**Work to be completed**. The pictures get dropped, while every remaining part of the listing is copied exactly.

**Collected data**.
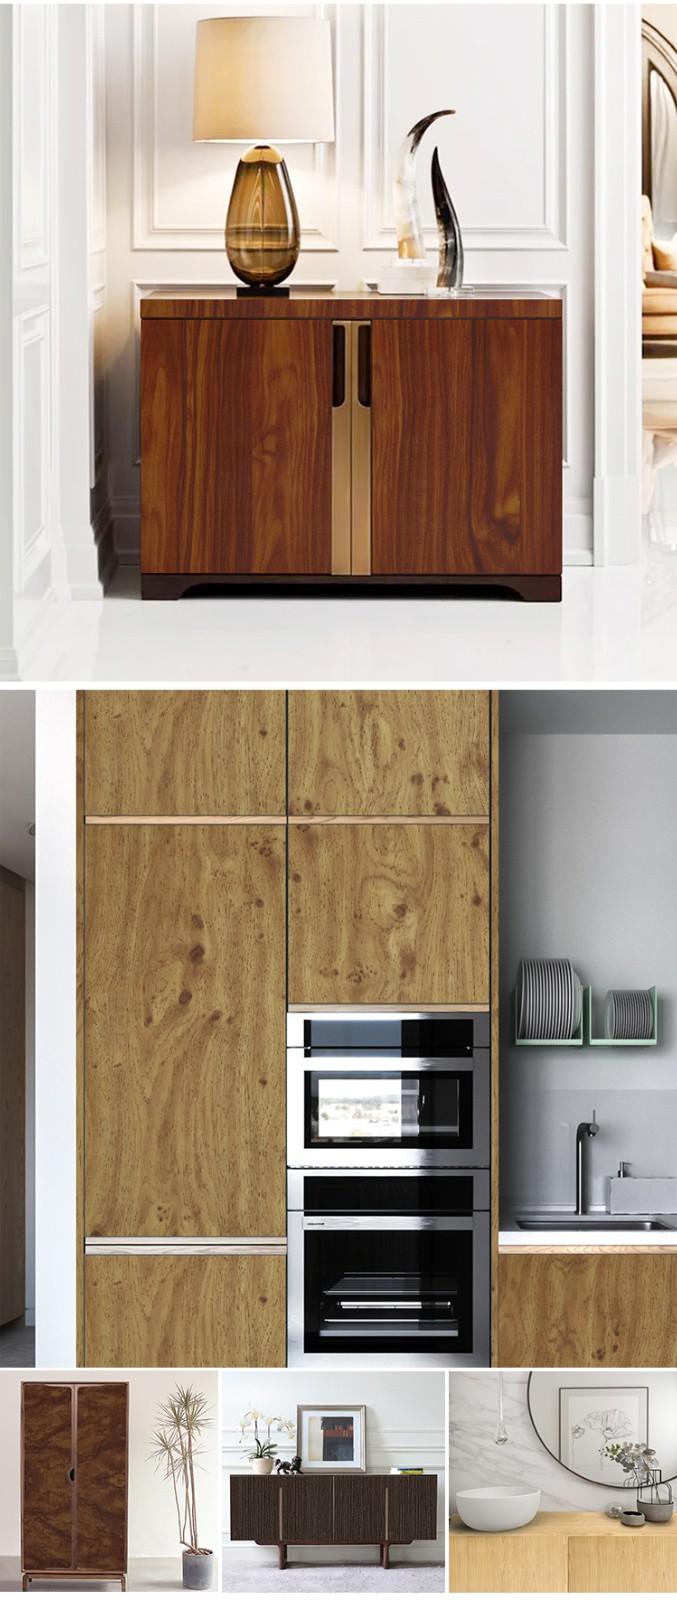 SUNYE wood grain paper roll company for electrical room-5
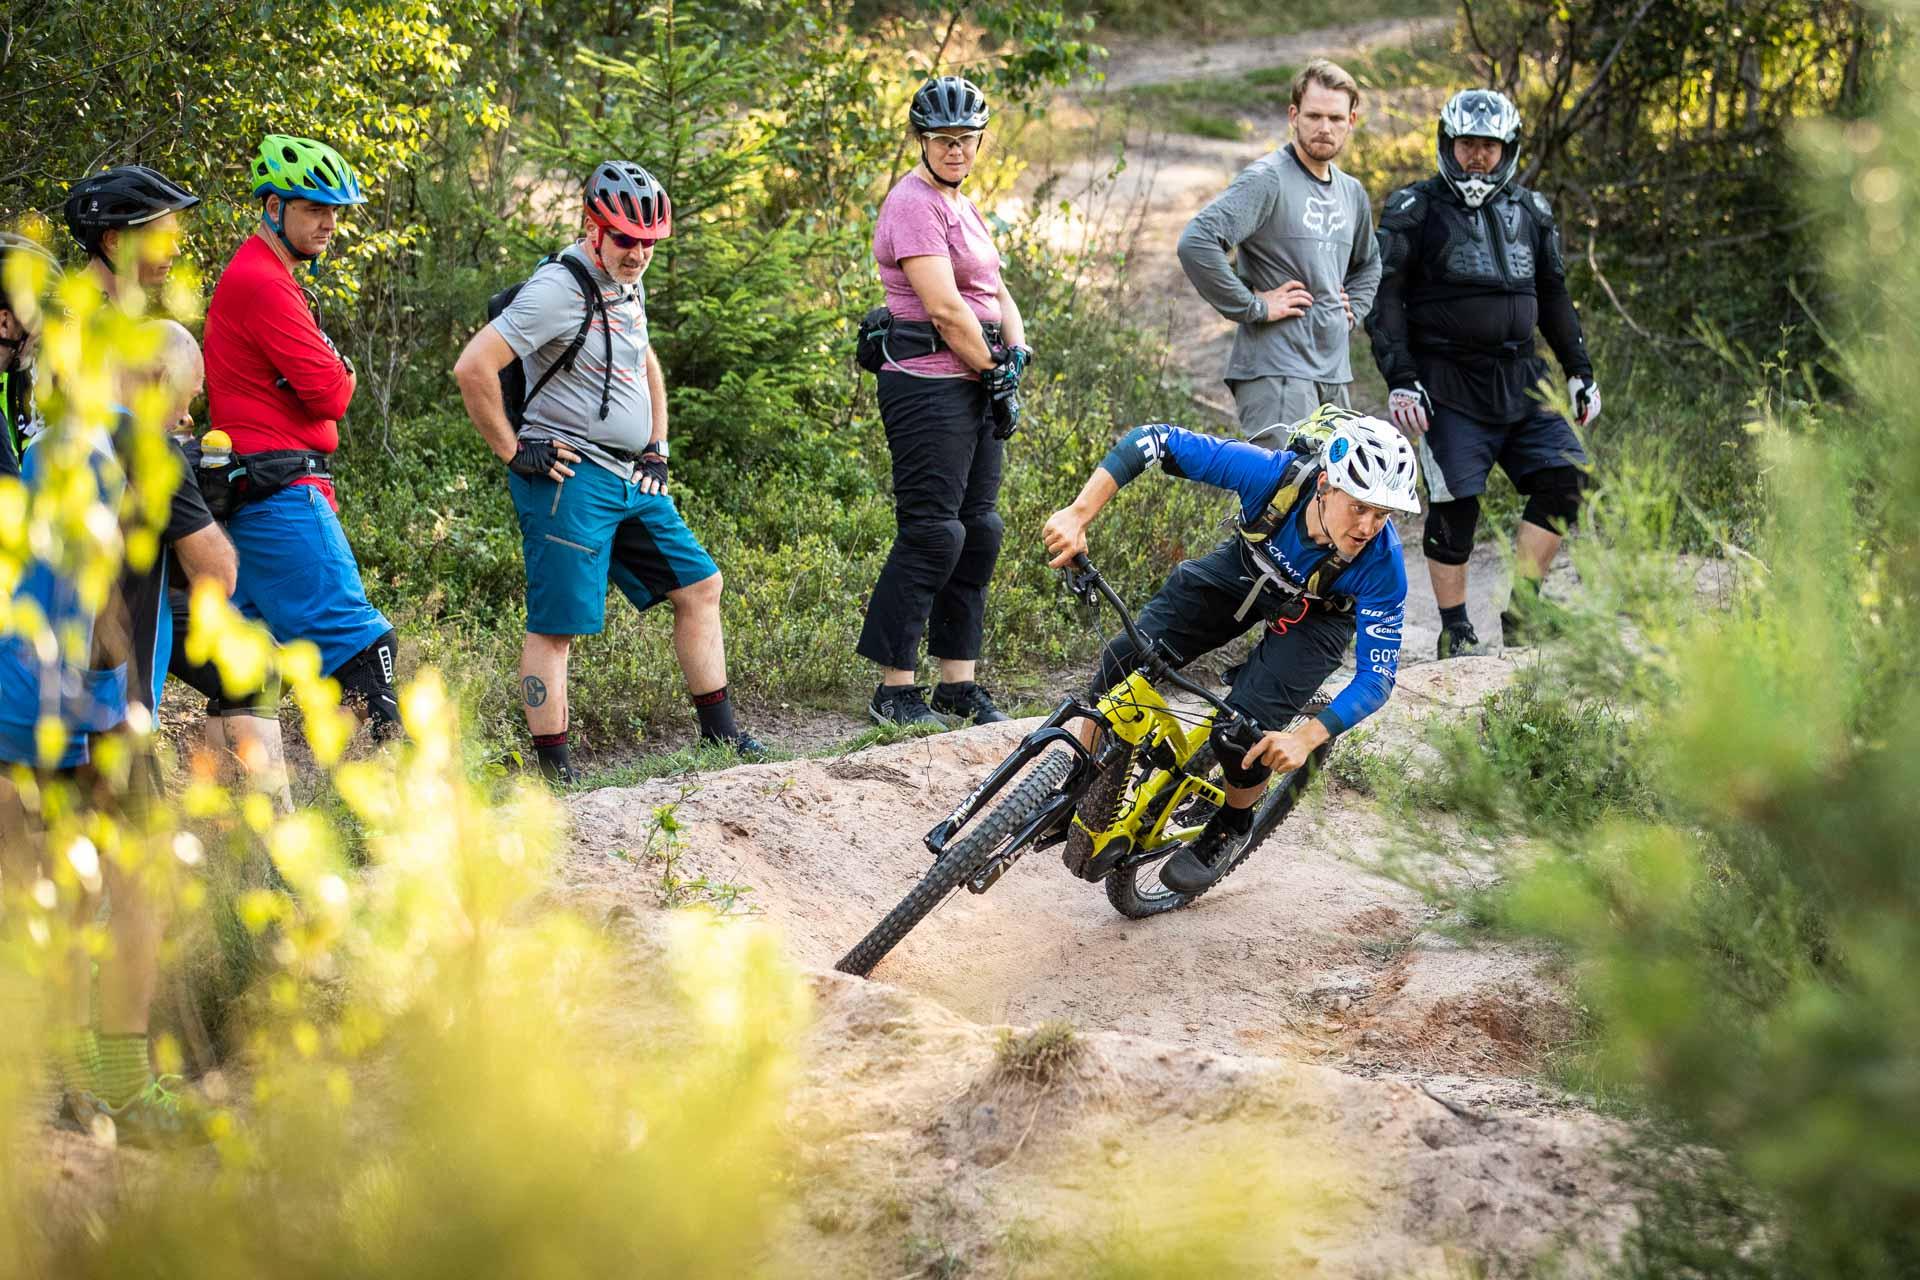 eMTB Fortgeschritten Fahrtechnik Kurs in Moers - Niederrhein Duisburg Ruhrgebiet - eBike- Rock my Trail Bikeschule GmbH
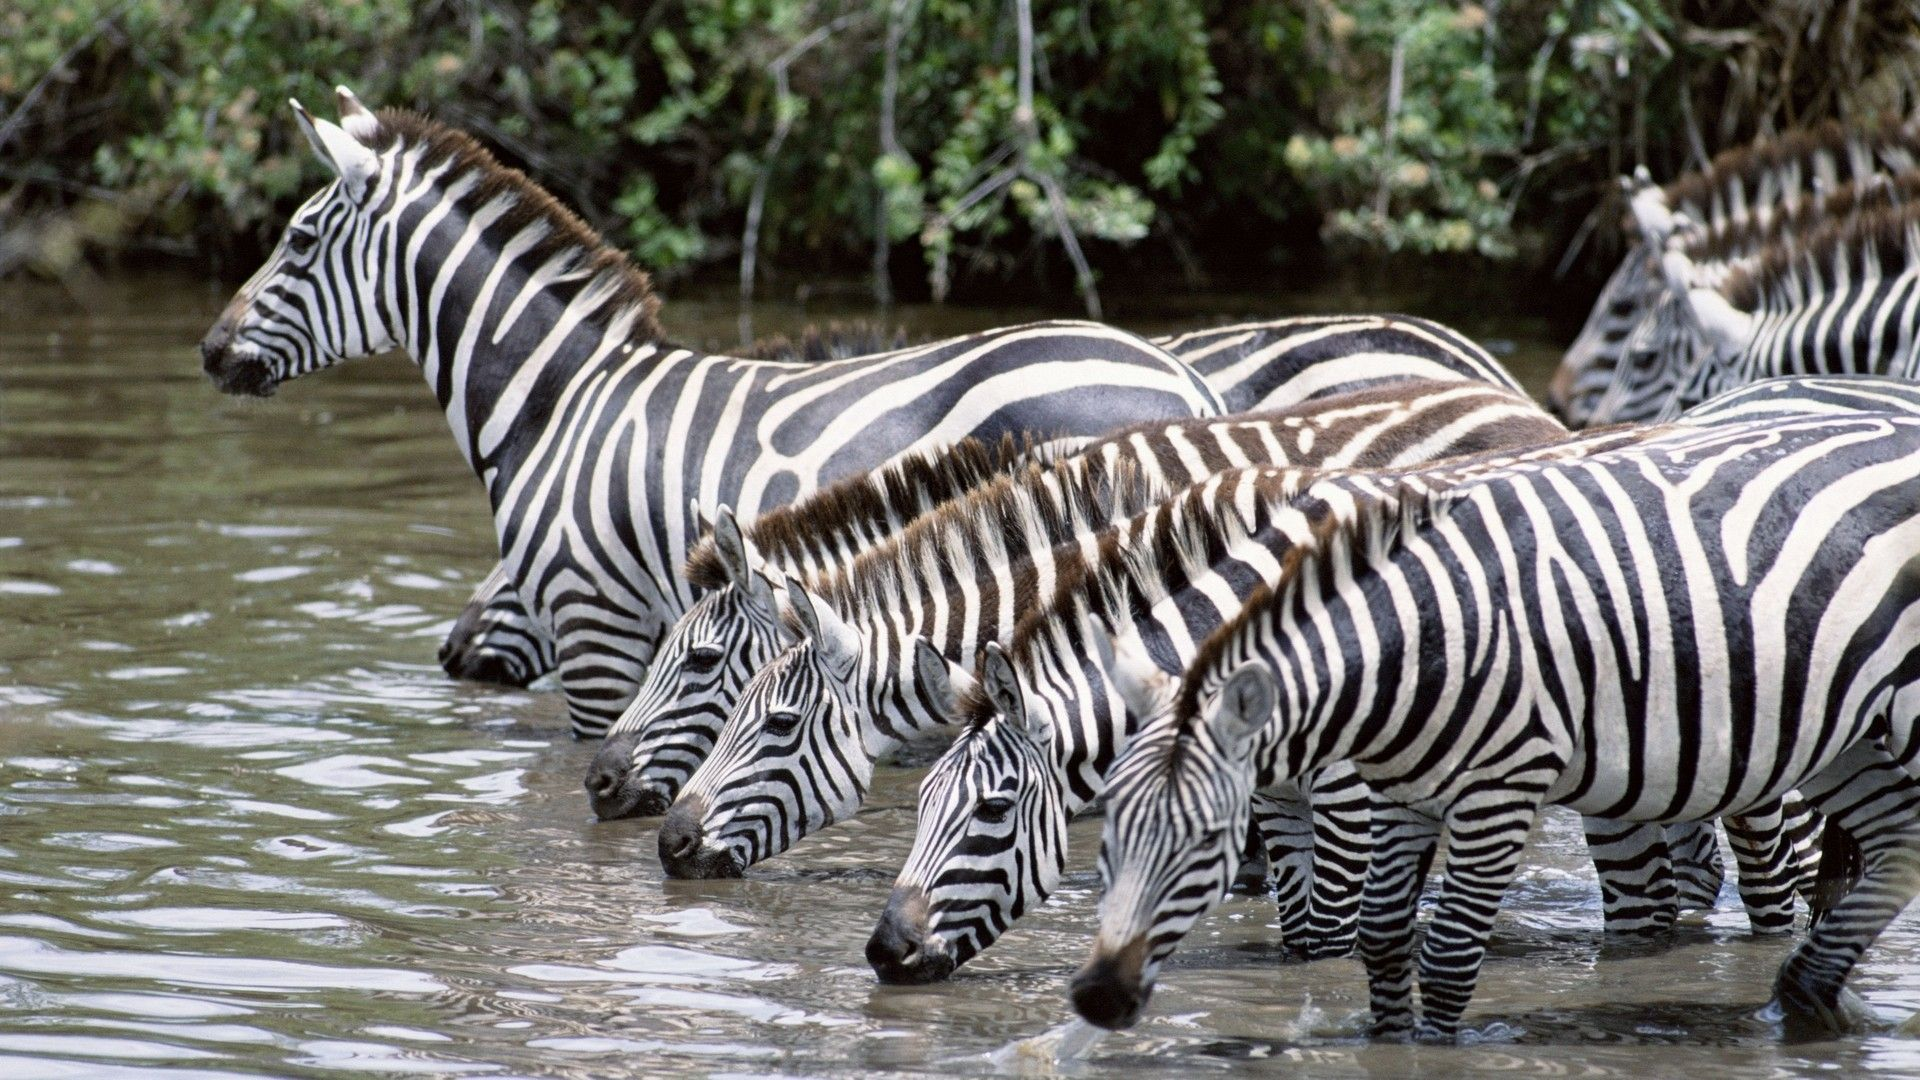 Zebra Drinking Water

**Response area**.
 SUNYE wood grain paper roll company for electrical room-5
 eMTB Fortgeschritten Fahrtechnik Kurs in Moers - Niederrhein Duisburg Ruhrgebiet - eBike- Rock my Trail Bikeschule GmbH
 Zebra Drinking Water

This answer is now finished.